JUnit runs this test once for each example in the dataset. If any evaluator misses its threshold, the test fails.

## When to use JUnit tests

Use JUnit tests when you want fast, fail-fast checks:

- **Fast feedback during development.** A test fails the moment an output misses your criteria. You do not wait for a full evaluation run.
- **CI/CD quality gates.** Fail the build when critical test cases break, just like a regular unit test.
- **Familiar tooling.** Use the test runners, IDE integration, and reports you already have.

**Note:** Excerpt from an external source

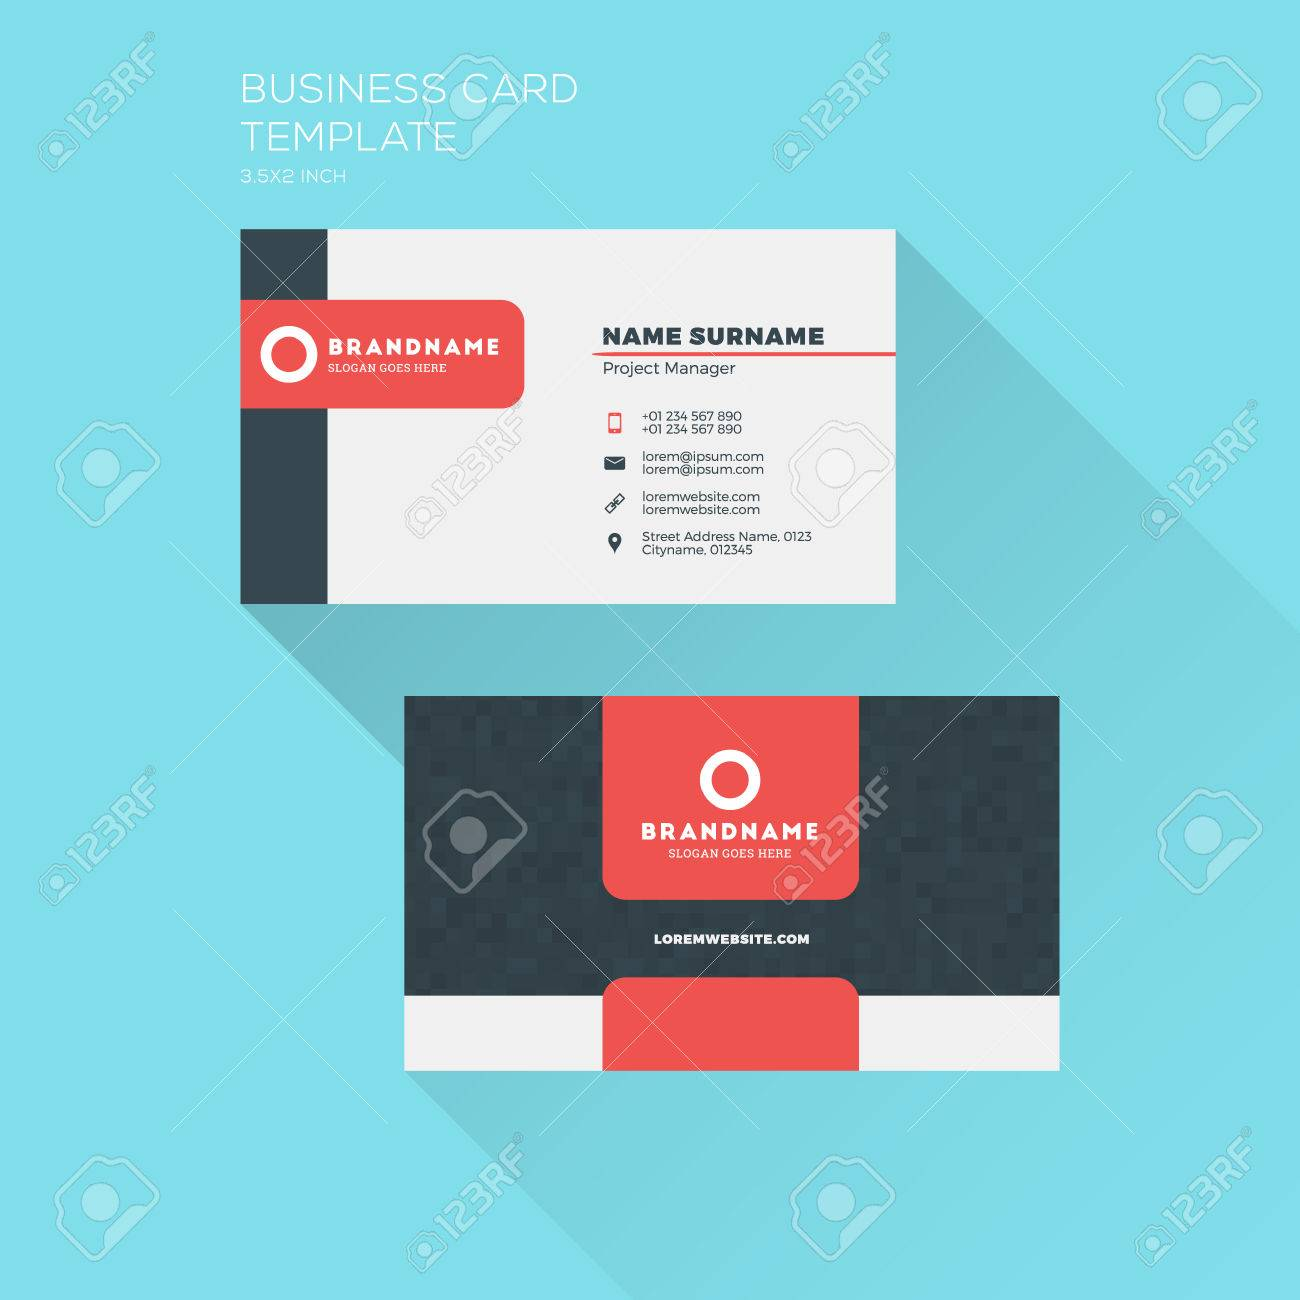 tarjetas de presentacion personal - Vatoz.atozdevelopment.co

Reach for JUnit tests for:

- Critical examples that should never break
- Quick validation during development
- CI/CD pipelines where you want to fail fast
- Test-driven development of LLM features

Reach for experiments instead when you want:

- Analysis across large datasets
- Comparison of different models or configurations
- Detailed reports with metrics
- Exploratory evaluation of new features

See [Experiments vs JUnit Testing](../evaluation/experiments#when-to-use-experiments-vs-junit) for the full comparison.

:::tip
Your task can return a typed record, not just a string. A JUnit test reads it back with `actualOutputAs(...)` or compares it with `StructuralMatchEvaluator`. See the [Structured & Typed Data](../evaluation/structured-typed-data.md) hub.
:::

## Load a dataset

`@DatasetSource` accepts a path or inline data. Pick the form that fits.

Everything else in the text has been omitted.